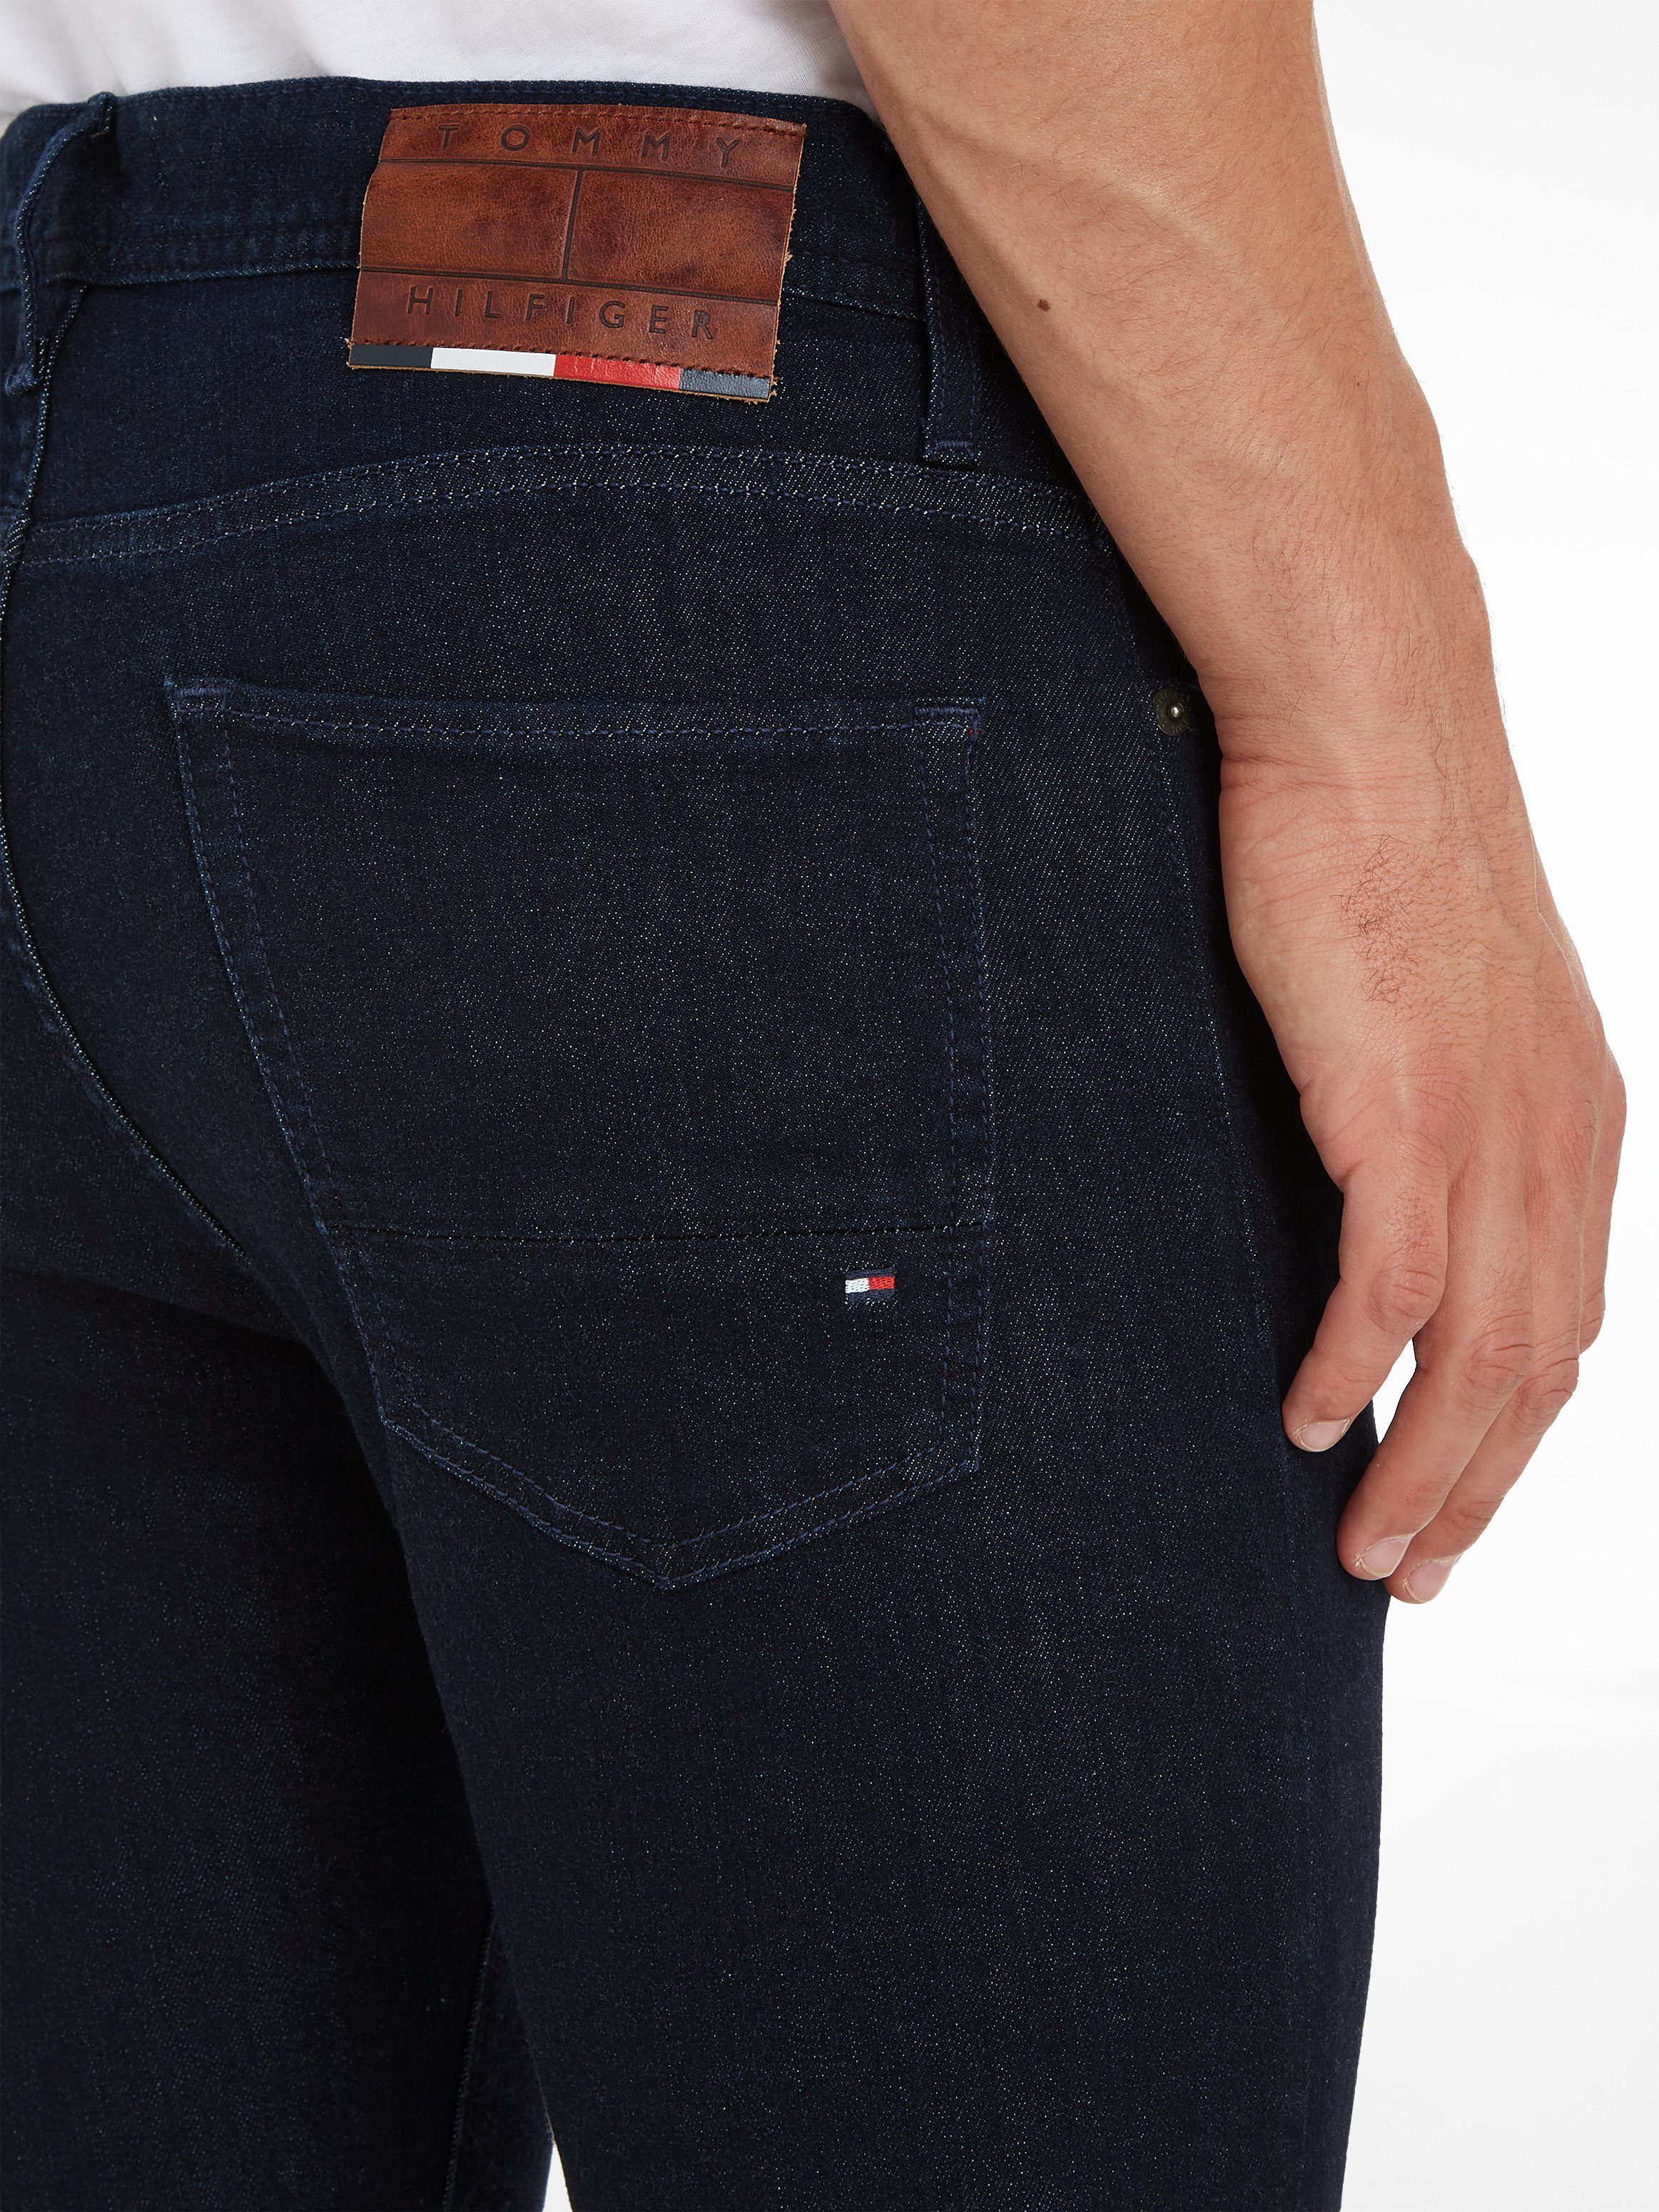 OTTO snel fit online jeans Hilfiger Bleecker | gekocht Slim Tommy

* * *

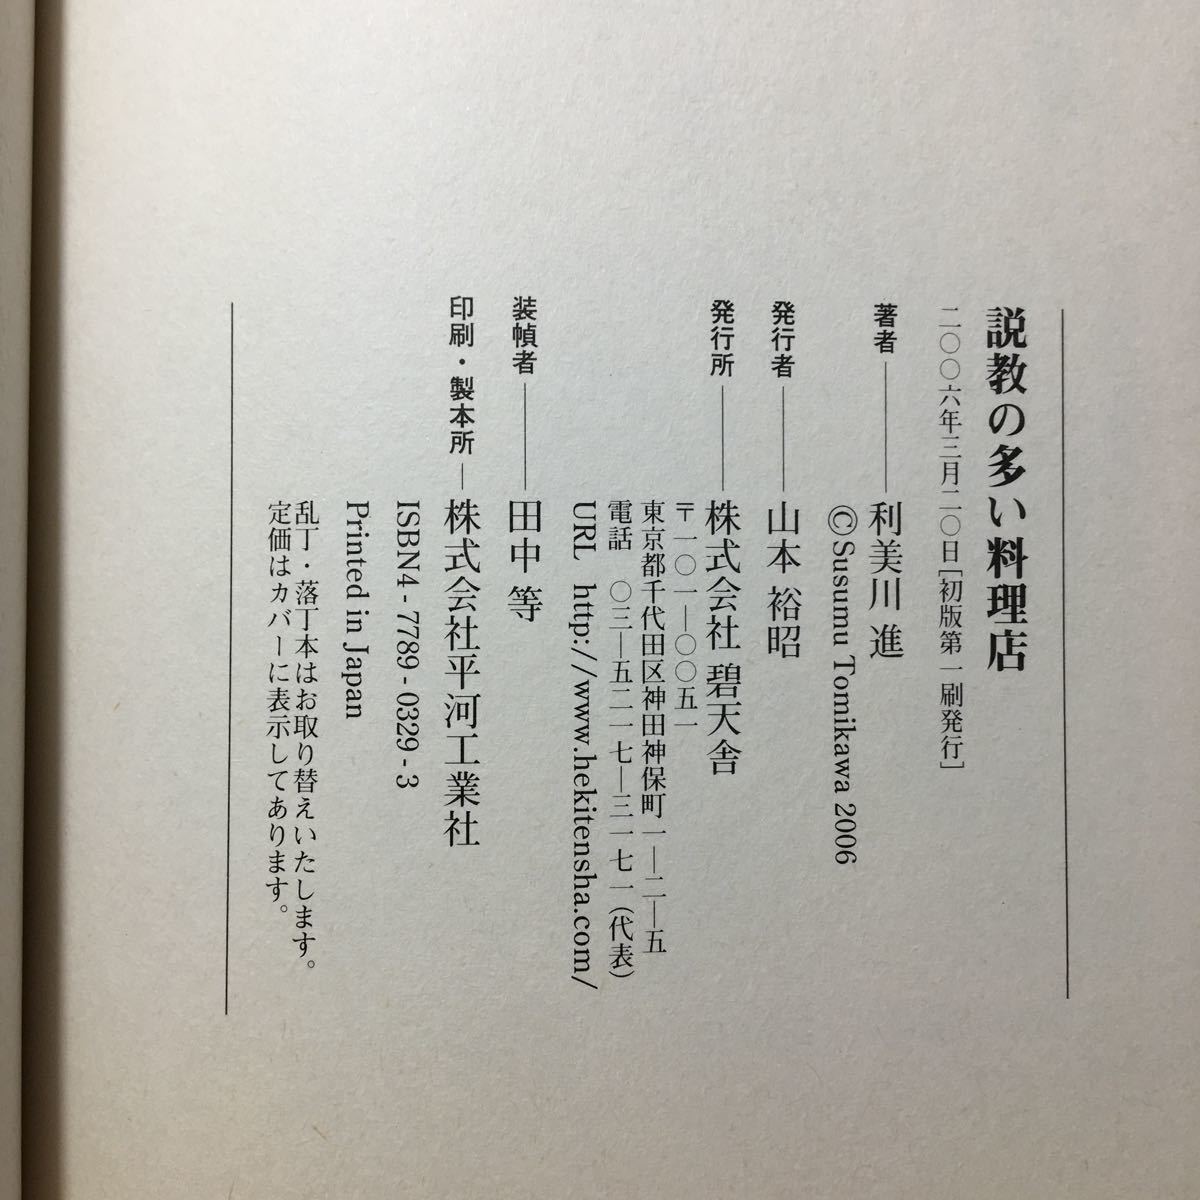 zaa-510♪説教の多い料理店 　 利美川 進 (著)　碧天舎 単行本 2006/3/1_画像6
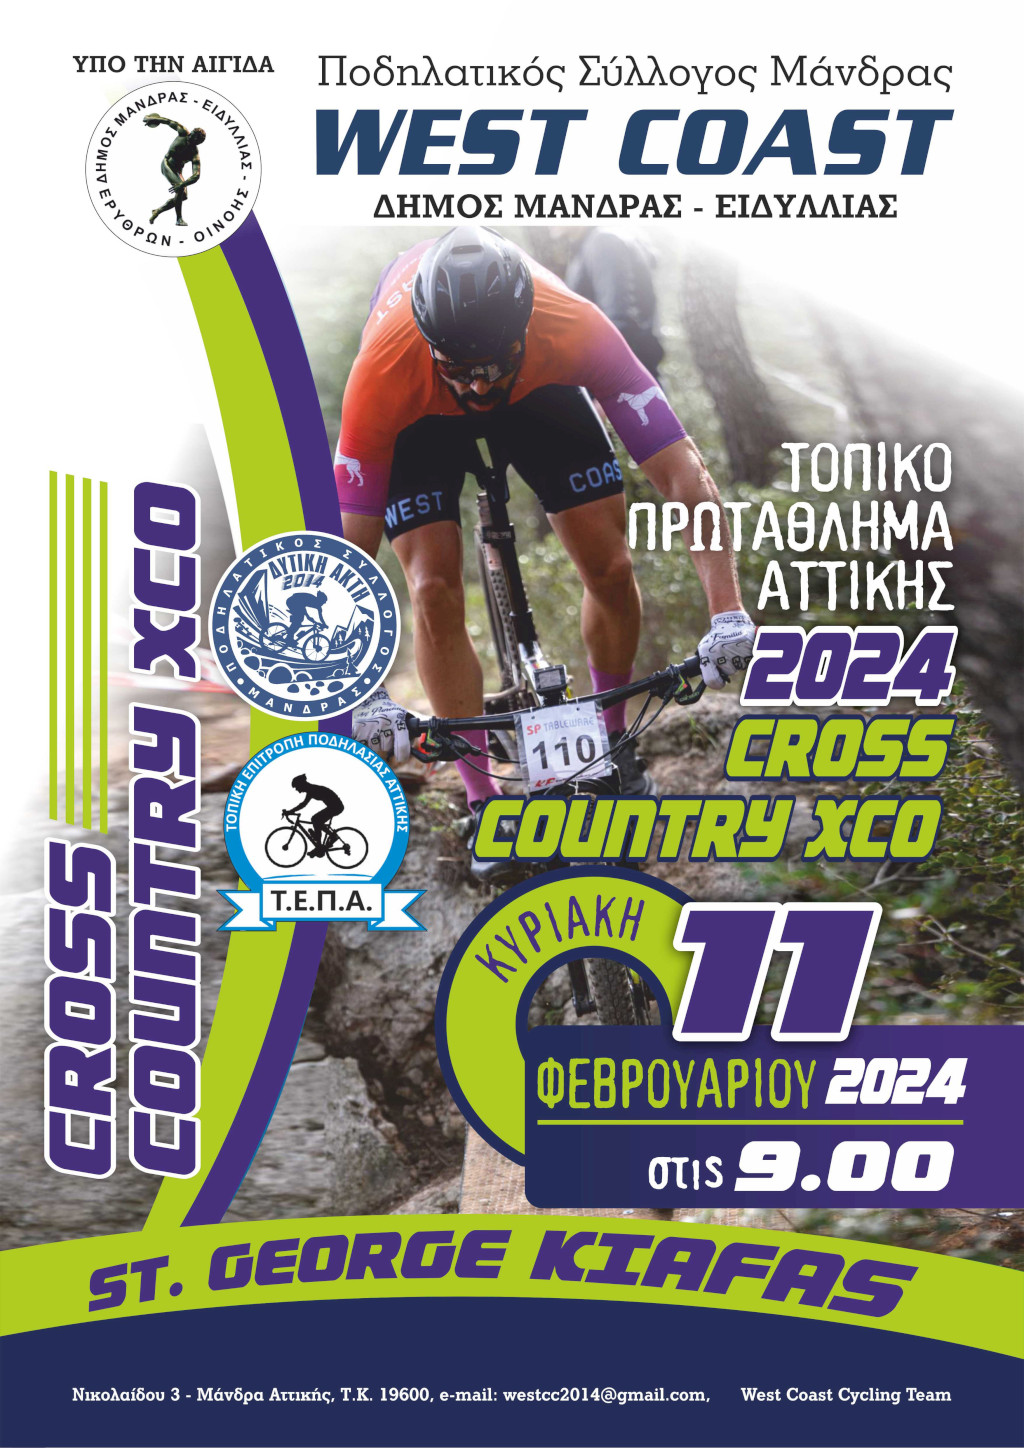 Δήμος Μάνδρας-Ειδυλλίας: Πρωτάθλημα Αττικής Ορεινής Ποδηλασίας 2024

→ GOAL OF THE EXERCISE
The stretch to restate runs from the line above containing "zaa-510♪説教の多い料理店 　 利美川" through the line containing "Δήμος Μάνδρας-Ειδυλλίας: Πρωτάθλημα". Copy it word for word, ends included, without pictures.

→ RESULT OF THE TASK
 zaa-510♪説教の多い料理店 　 利美川 進 (著)　碧天舎 単行本 2006/3/1_画像6
 Δήμος Μάνδρας-Ειδυλλίας: Πρωτάθλημα Αττικής Ορεινής Ποδηλασίας 2024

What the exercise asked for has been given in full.